Apologia for these journals:
    They are not about taking care of a relative with moderate to severe Alzheimer's/senile dementia.
    For an explanation of what these journals are about, click the link above.
    For internet sources that are about caring for relatives with moderate to severe
        Alzheimer's/senile dementia, click through the Honorable Alzheimer's Blogs in my
        links section to the right.

7 minute Audio Introduction to The Mom & Me Journals [a bit dated, at the moment]

Thursday, July 24, 2008
 
It's seemed like a Friday-bordering-on-Saturday, today.

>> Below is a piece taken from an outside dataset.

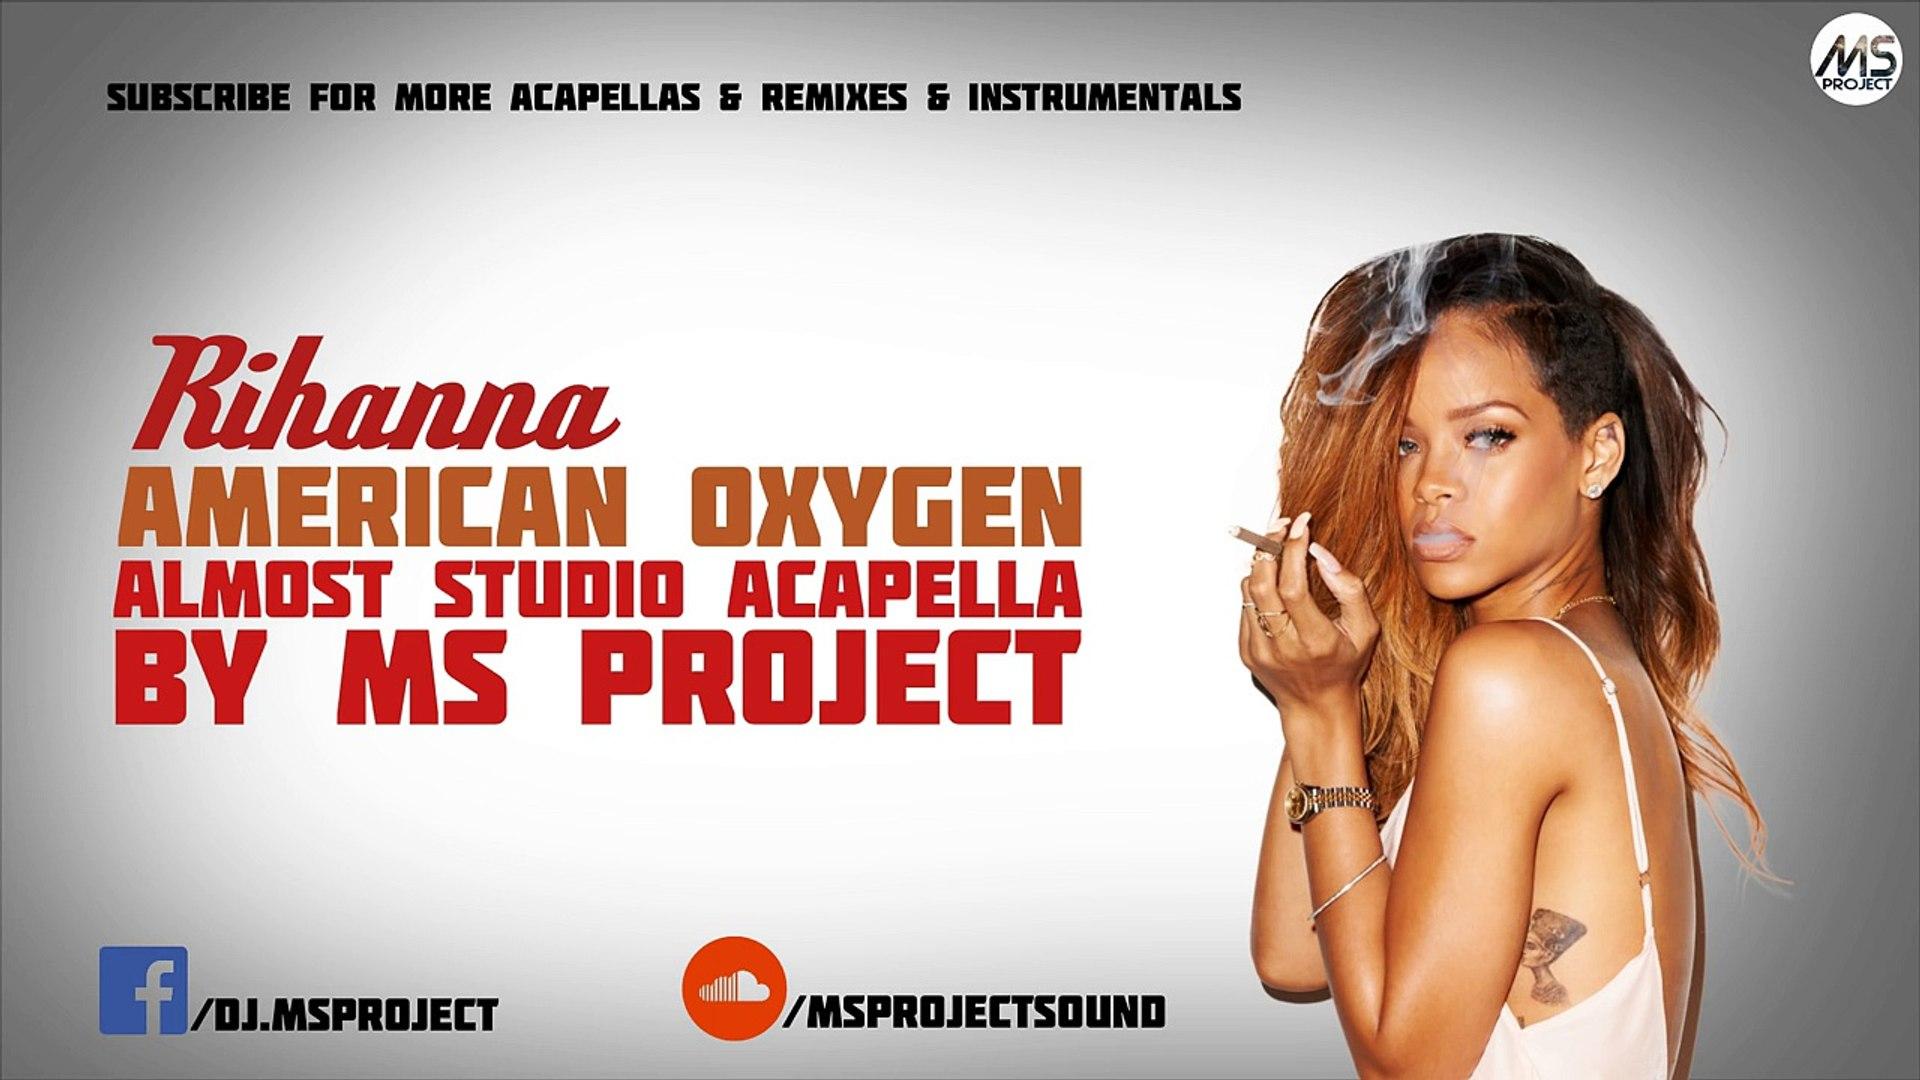 Rihanna - American Oxygen (Acapella - Vocals Only) + DL

    Thus, it was with some surprise that a recent caller reminded me that it's Thursday and we have one more day of warm, muggy weather before the temperature drops about 10 degrees. Nonetheless, Mom and I have had a great day. I'll cover movement over at Life After Death Sentencing but, so far, it's been a good, fun day. Mom was sitting up on the bed when I entered her bedroom, almost ready to arise. She took her breathing treatment well, was chatty although not interested in bathing but, then, she never is until she settled down on the toilet and realizes how warm and cozy it is in the bathroom. While we ate I read interesting articles from the paper since it seemed like she would be interested and zoned in. She was. One article in particular, about "brother" movies, is fashioning our entire day. Two of the movies, The Godfather and Rain Man are in our collection and shared favorites. As read the mentions of both Mom nodded and interjected how "enjoyable" both are. I asked her if she'd like to see them today. She was more than enthusiastic. We just polished off an extended "morning" with the first. Mom was fully into it, as I was I. We paused the movie several times to talk about various scenes and bits of Cosa Nostra philosophy. About halfway through Mom decided that it would be proper movie watching conduct to have popcorn, so I won't have to worry about her blood sugar tonight. She's napping, now, and we're planning on watching the second of the two movies tonight. She went down at 1800. "Don't call me any later than eight," she directed. That's a change!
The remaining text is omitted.